SMEPAC — Pengukuran Standar Konsentrasi Partikulat di Udara pada Peralatan — adalah metodologi standar yang diterbitkan ISPE (International Society for Pharmaceutical Engineering) untuk mengevaluasi kinerja pengandungan peralatan penanganan bubuk. Metodologi ini menyediakan protokol pengujian dan kerangka penilaian terpadu untuk katup kupu-kupu terpisah, port transfer cepat, sistem sarung tangan isolator, serta perangkat pengandung debu lainnya, dan berfungsi sebagai referensi teknis utama dalam pemilihan dan validasi peralatan farmasi.
Tujuan mendasar dari pengujian SMEPAC adalah mengukur konsentrasi debu yang terdispersi di udara dan masuk ke zona pernapasan operator selama operasi peralatan—dengan demikian menentukan apakah kinerja nyata perangkat dalam hal pengendalian (containment) memenuhi batas paparan kerja (Occupational Exposure Limit/OEL) untuk senyawa yang ditangani. Pengujian umumnya menggunakan laktosa monohidrat sebagai bubuk pengganti (surrogate powder), yang dipilih karena distribusi ukuran partikel dan karakteristik alirannya mirip dengan sebagian besar bubuk farmasi.

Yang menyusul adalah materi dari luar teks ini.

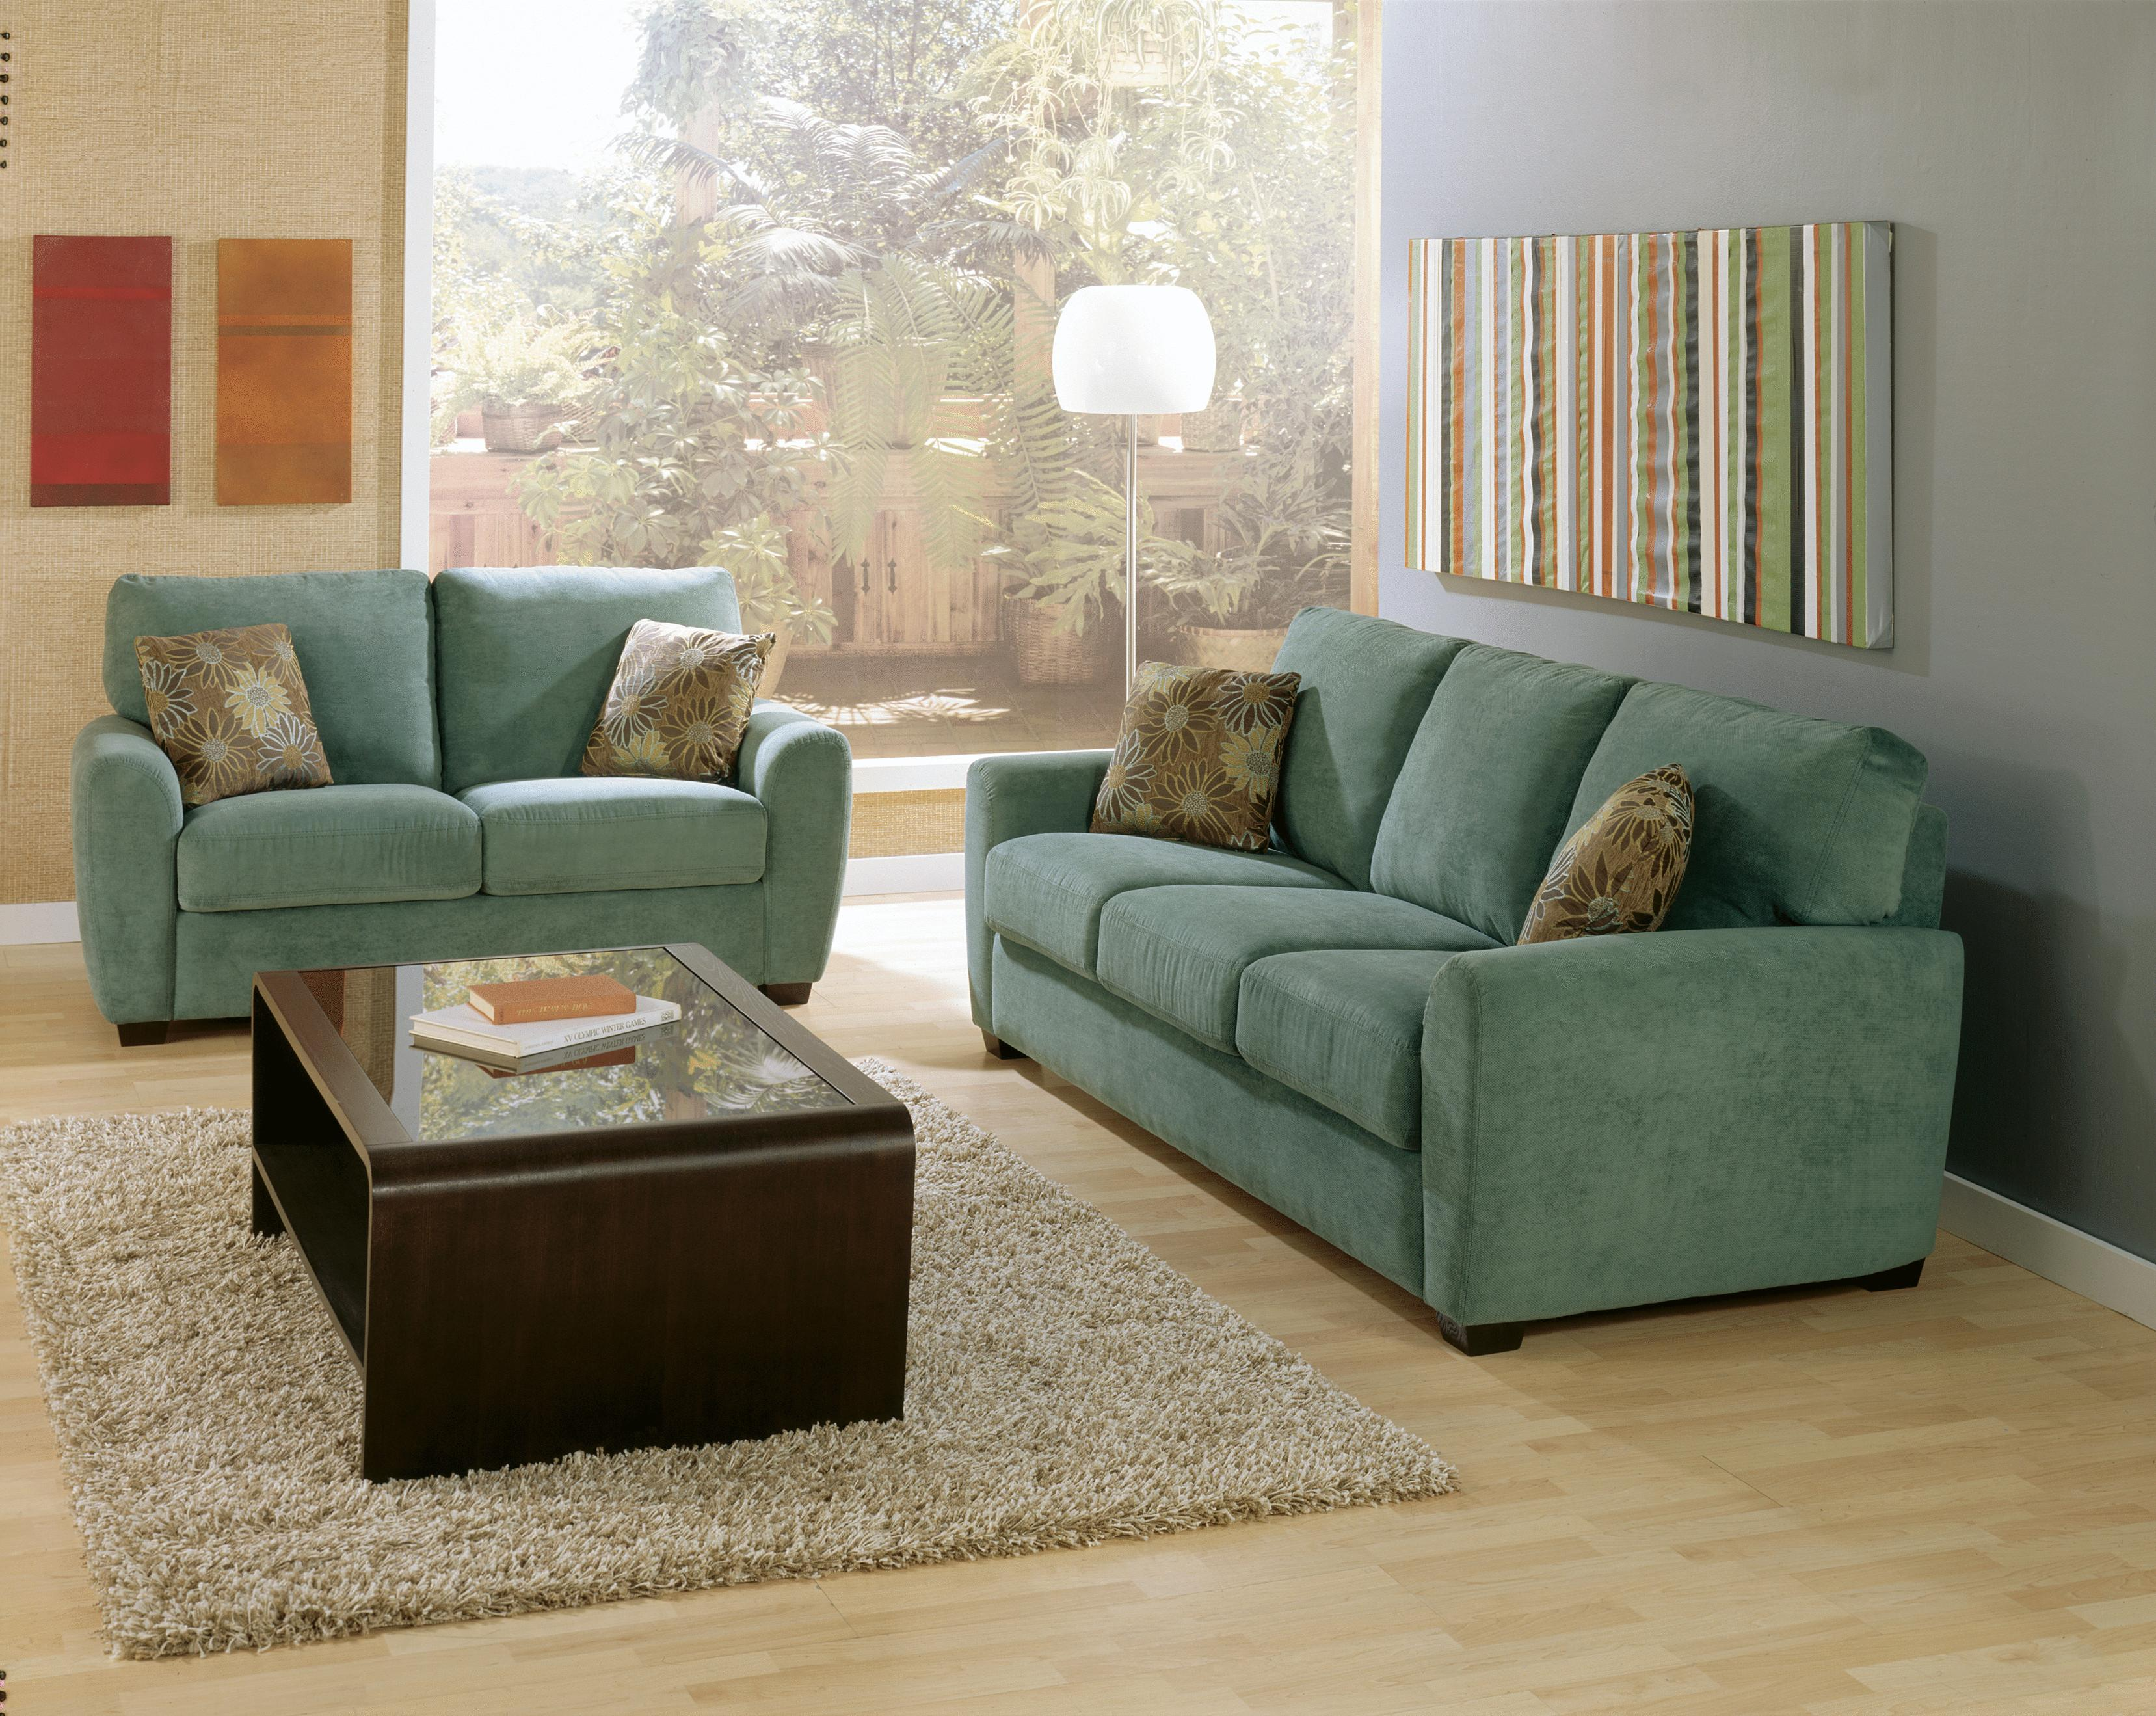 Palliser Connecticut Stationary Living Room Group Olinde

Prosedur uji SMEPAC yang distandarisasi meliputi: pengoperasian peralatan melalui siklus normalnya (docking, transfer bubuk, undocking) di dalam lingkungan terkendali (biasanya ruang uji bertekanan negatif); secara bersamaan mengumpulkan partikel di udara menggunakan alat pengambil sampel udara pribadi yang telah dikalibrasi (kepala sampler IOM atau sampler Button) pada posisi zona pernapasan yang telah ditentukan; serta selanjutnya menentukan konsentrasi bubuk pengganti melalui analisis gravimetri atau kuantifikasi HPLC.
Katup kupu-kupu terpisah dan produk RTP milik AVM telah menjalani verifikasi pengandungan sesuai panduan ISPE SMEPAC. Hasil pengujian menegaskan kinerja pengandungan tingkat OEB4 (konsentrasi udara < 10 µg/m³), dengan beberapa konfigurasi tertentu mencapai tingkat OEB5 (< 1 µg/m³). Data kinerja yang telah divalidasi ini memberikan bukti teknis otoritatif kepada pelanggan untuk membenarkan pemilihan peralatan serta mendukung dokumentasi kualifikasi.

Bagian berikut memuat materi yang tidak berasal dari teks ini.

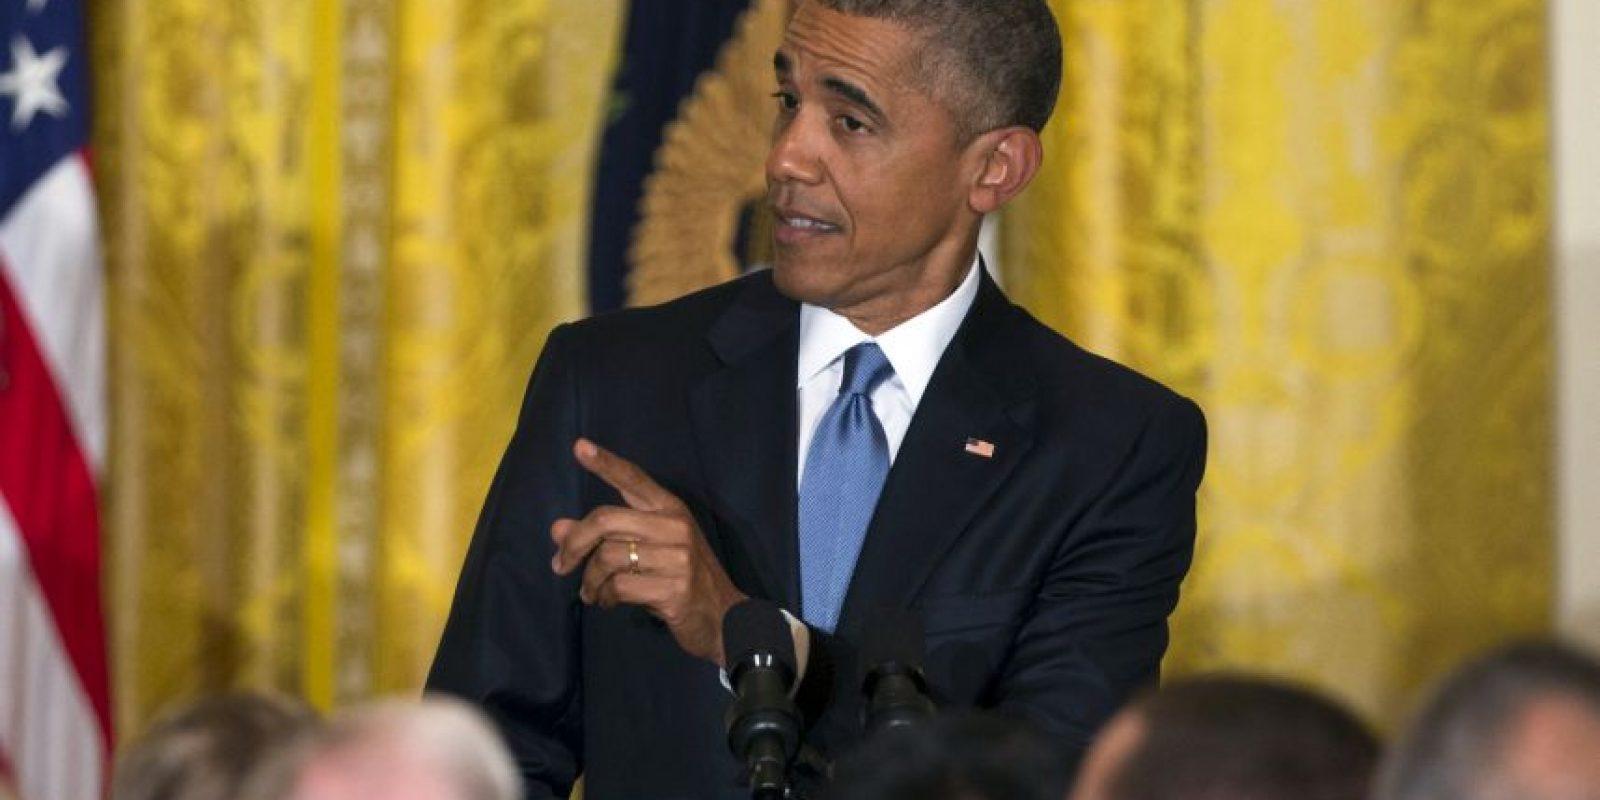 Asumió el cargo el 20 de enero de 2009 Foto:AP

Variabel pengujian SMEPAC kritis yang memerlukan pengendalian meliputi: konsentrasi partikulat latar belakang di lingkungan pengujian (harus berada di bawah batas deteksi analitis); massa muatan bubuk pengganti dan distribusi ukuran partikelnya; urutan operasional standar (jumlah siklus transfer, kecepatan); posisi alat pengambil sampel udara dan durasi pengambilan sampel; serta status kalibrasi alat pengambil sampel. Perbedaan dalam metodologi pengujian dapat secara signifikan memengaruhi hasil—artinya, perbandingan langsung klaim pengandungan antarprodusen memerlukan perhatian khusus terhadap konsistensi metodologis.

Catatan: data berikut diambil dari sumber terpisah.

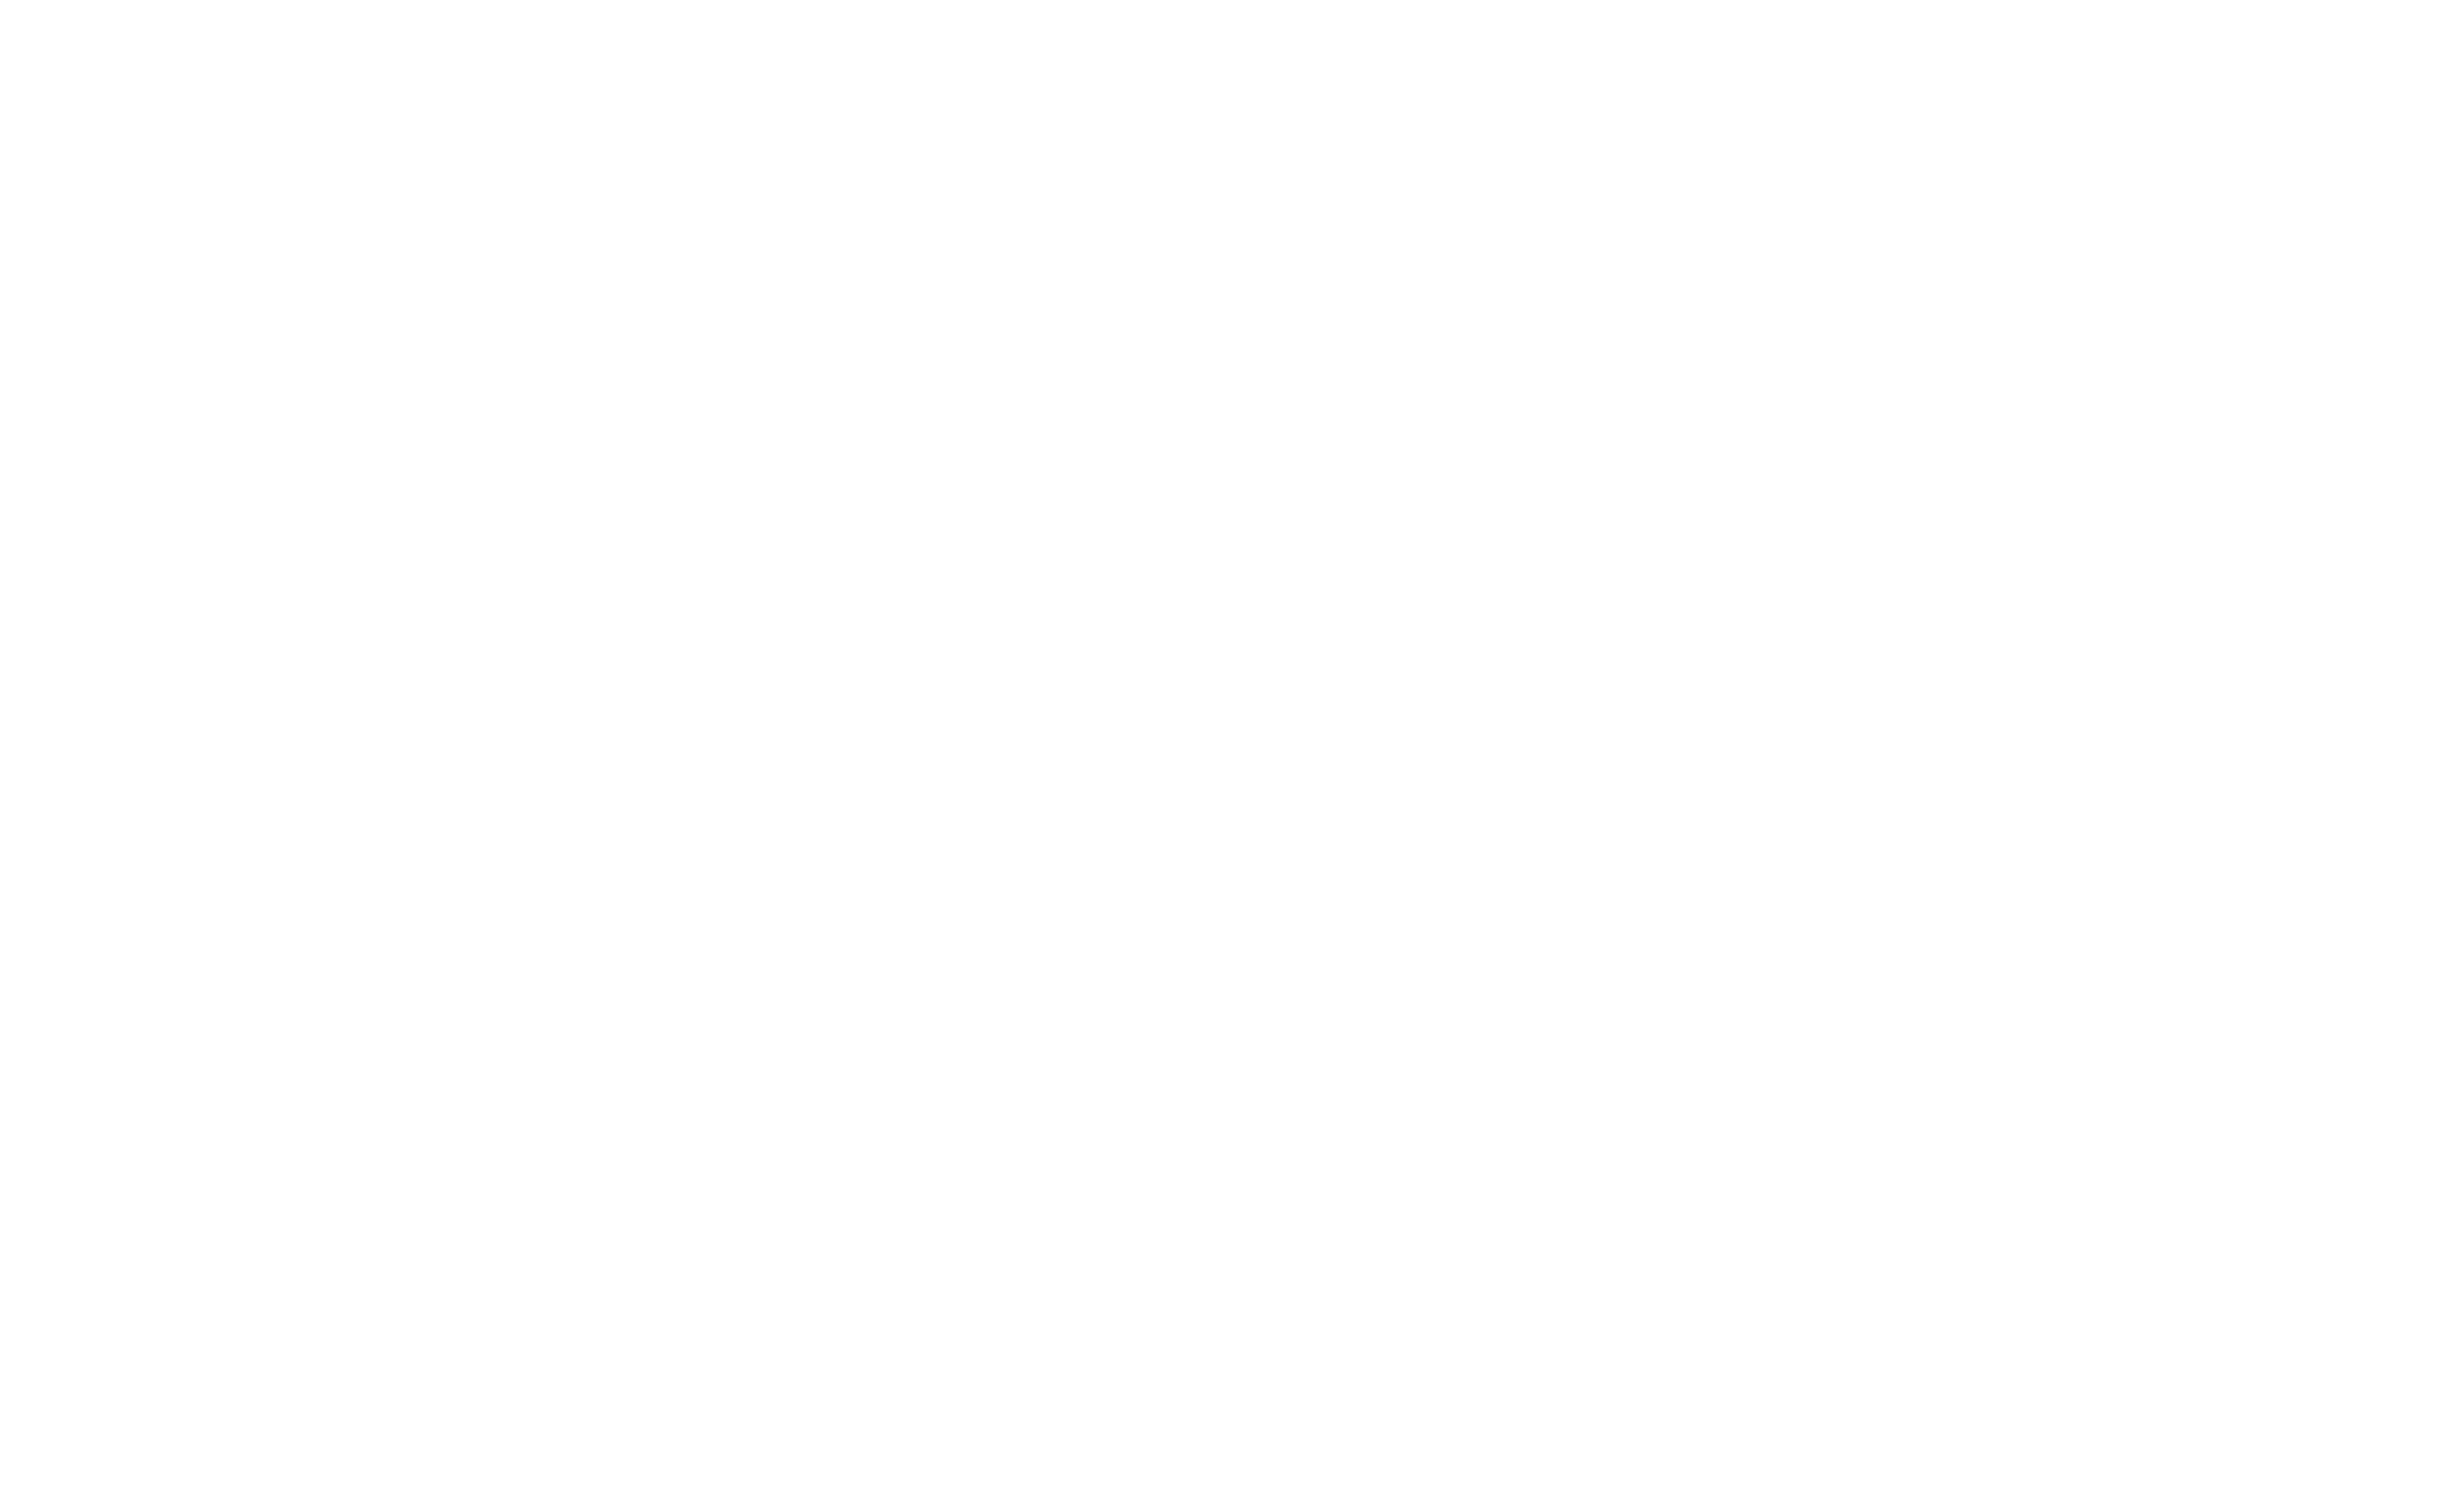 SLS Baha Mar

Bagi pelanggan farmasi yang menerapkan data SMEPAC dalam validasi proyek: laporan uji kontainmen dapat berfungsi sebagai bukti Kualifikasi Desain (DQ) yang menegaskan bahwa peralatan yang dipilih mampu memenuhi persyaratan OEL senyawa proses. Selama Kualifikasi Operasional (OQ), fasilitas dapat melakukan pengujian SMEPAC spesifik lokasi untuk memverifikasi kinerja di bawah kondisi pemasangan aktual.
AVM merekomendasikan memasukkan evaluasi SMEPAC sejak dini dalam proses pemilihan peralatan. Perusahaan menyediakan laporan uji standar dan dukungan teknis terkait, sehingga memungkinkan pelanggan menyelesaikan kegiatan kualifikasi peralatan secara efisien. Memilih peralatan yang didukung oleh data verifikasi kontainmen otoritatif memberikan kepercayaan diri kepada produsen farmasi saat menghadapi inspeksi regulasi dan audit pelanggan.